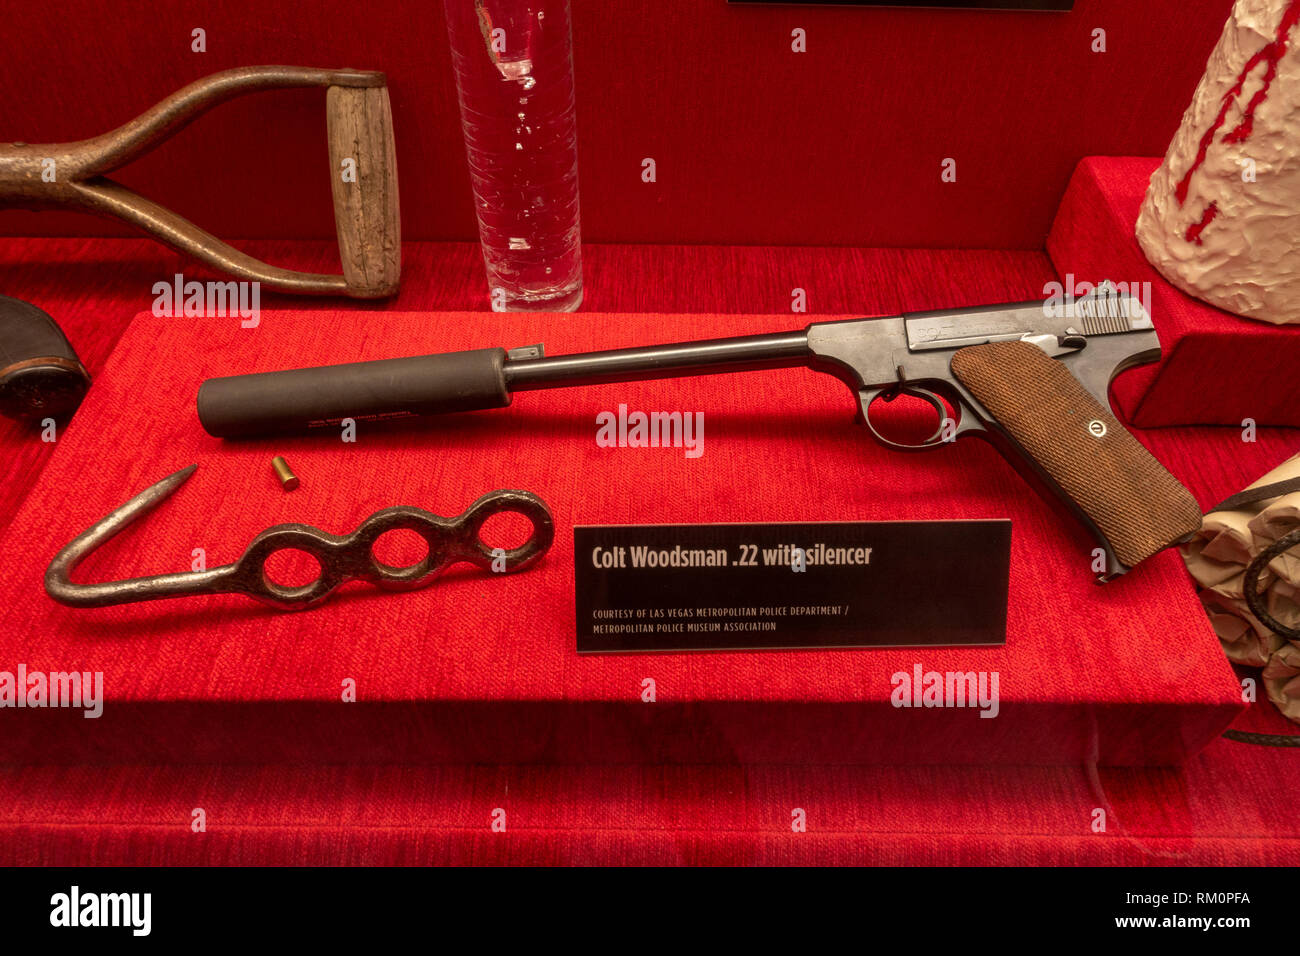 A Colt Woodsman .22 with silencer, The Mob Museum, Las Vegas (City of Las Vegas), Nevada, United States. Stock Photo
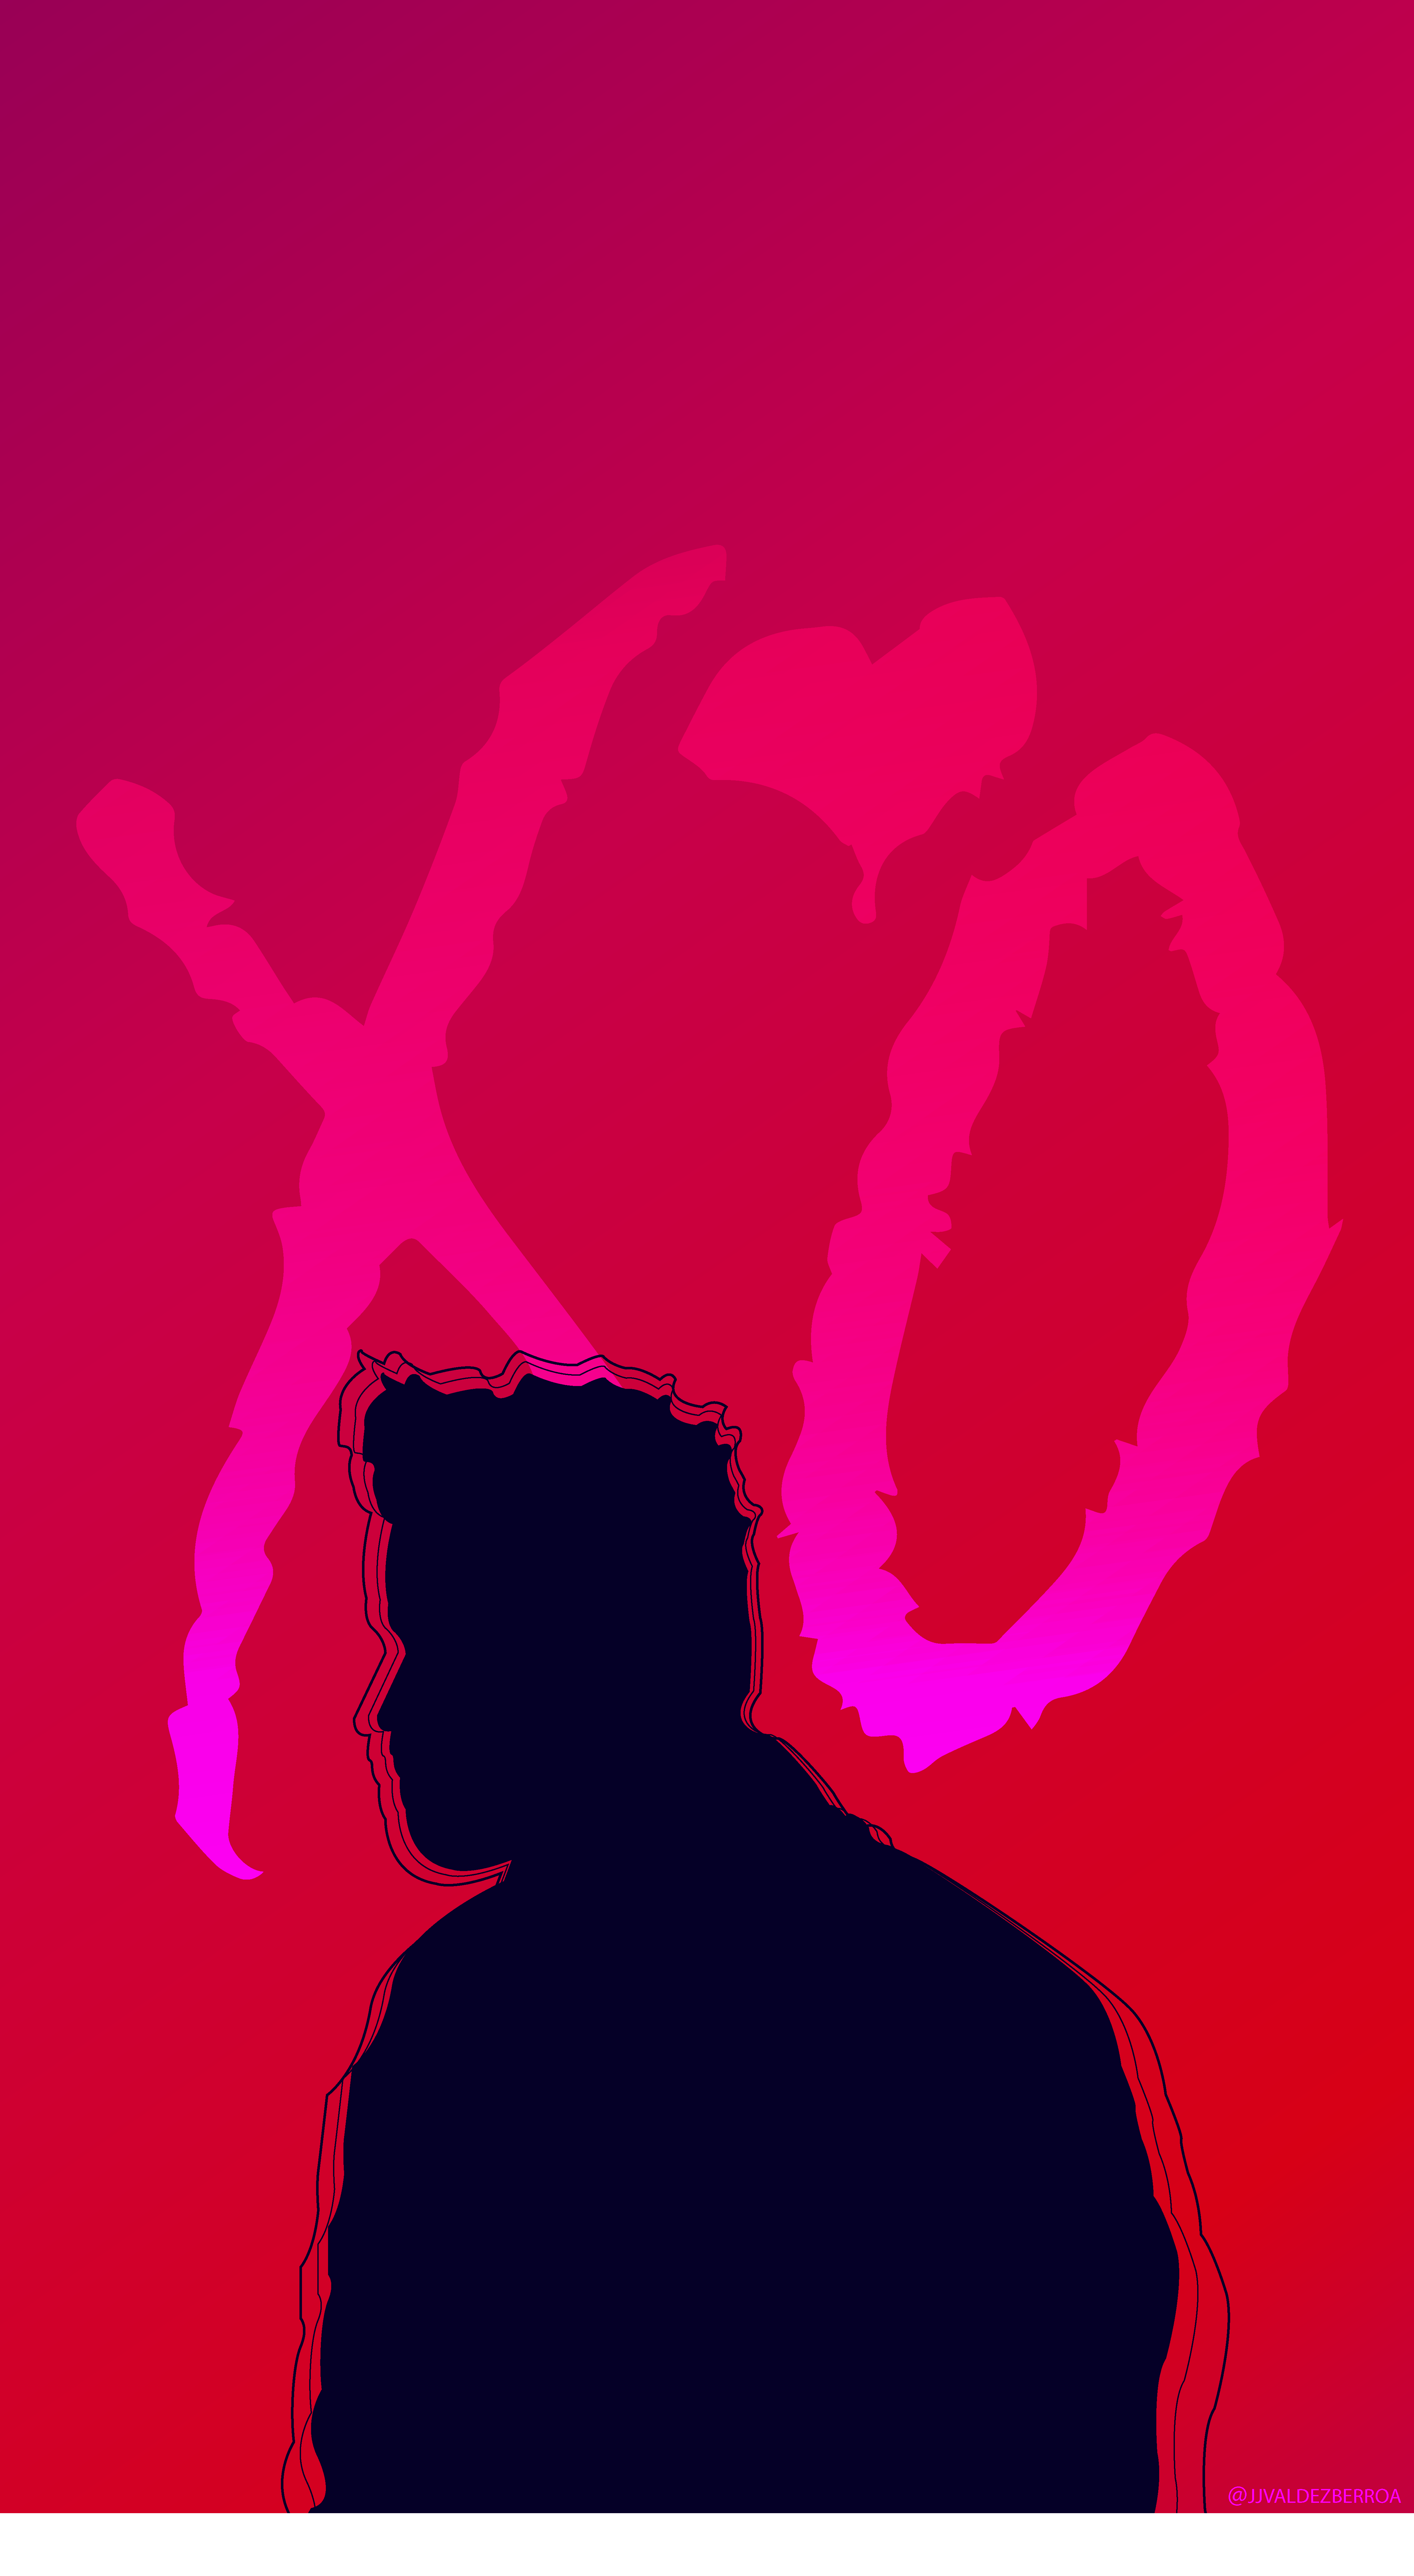 Weeknd #Background #Phone #iPhone6 #Plus Follow me for moree
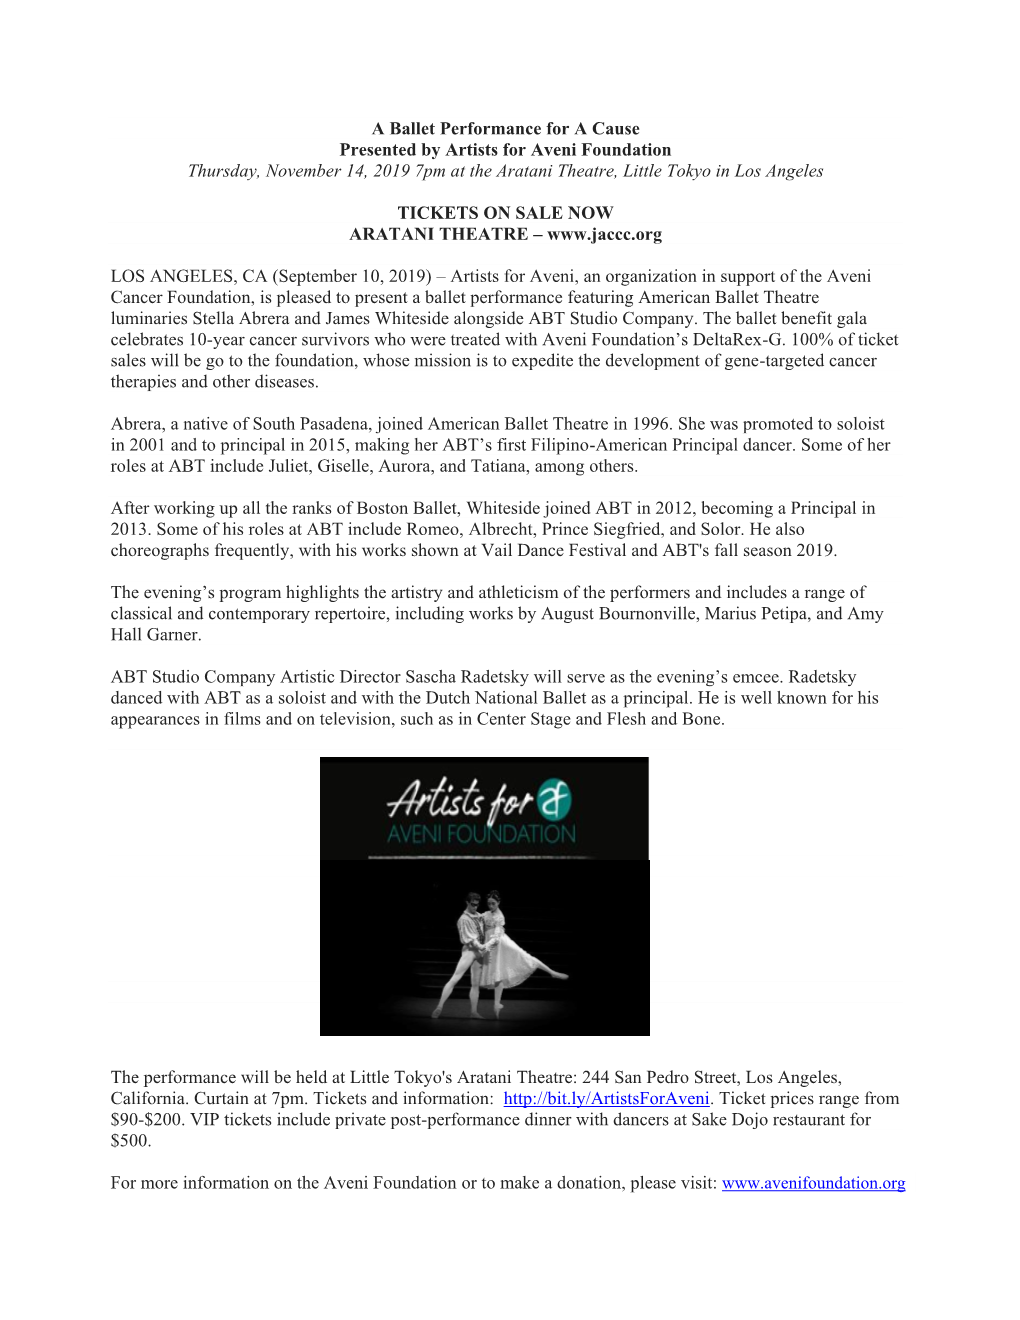 A Ballet Performance for a Cause Presented by Artists for Aveni Foundation Thursday, November 14, 2019 7Pm at the Aratani Theatre, Little Tokyo in Los Angeles
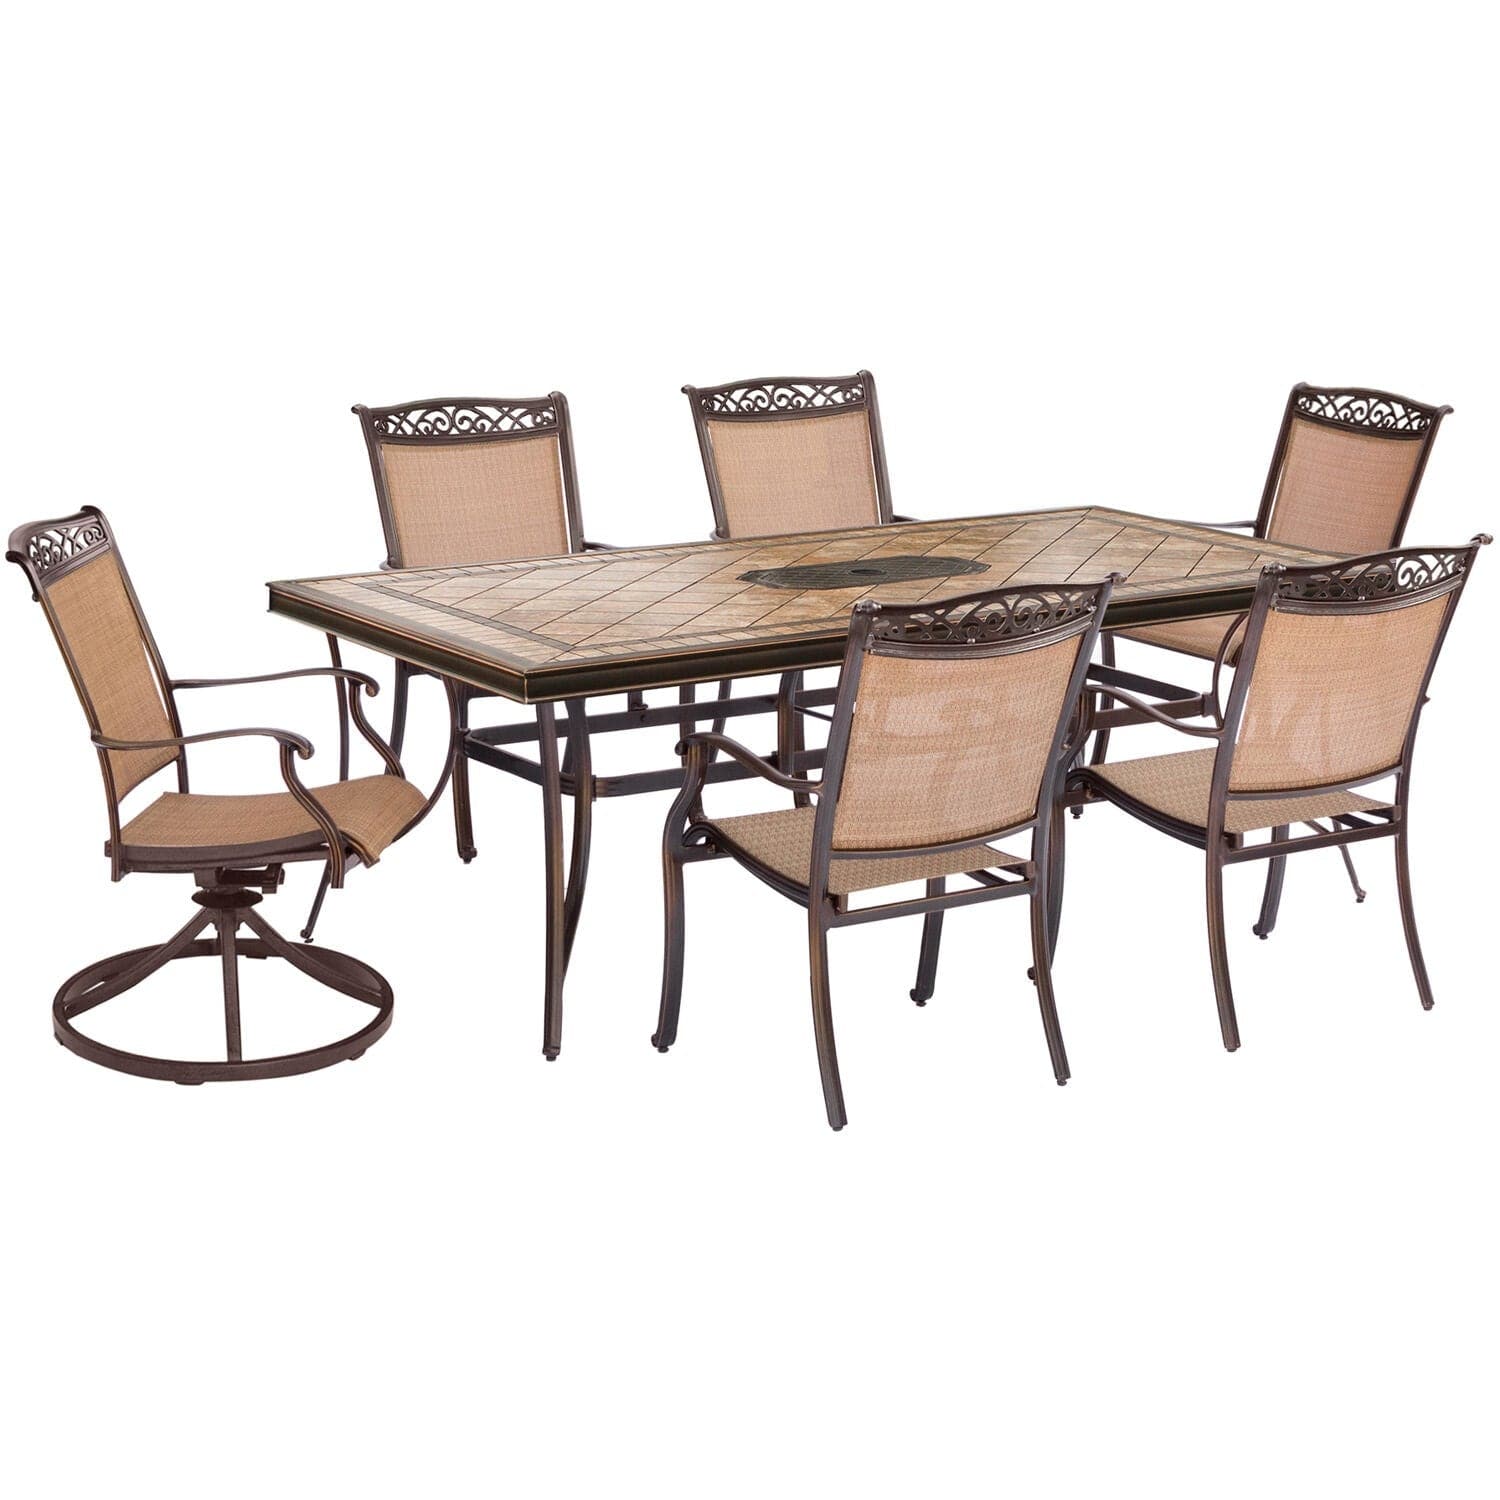 Hanover Outdoor Dining Set Hanover- Fontana 7 Piece Dining Set with Two Swivel Rockers | Four Stationary Dining Chairs | and a Large Tile-Top Dining Table | FNTDN7PCSWTN-2

| TASK REQUIREMENTS |
Please copy the lines above, starting at the one that holds "A Ballet Performance" and stopping after the last line, exactly as they appear and minus the pictures.

| ANSWER TO THIS PROBLEM |
 A Ballet Performance for a Cause Presented by Artists for Aveni Foundation Thursday, November 14, 2019 7Pm at the Aratani Theatre, Little Tokyo in Los Angeles
 Hanover Outdoor Dining Set Hanover- Fontana 7 Piece Dining Set with Two Swivel Rockers | Four Stationary Dining Chairs | and a Large Tile-Top Dining Table | FNTDN7PCSWTN-2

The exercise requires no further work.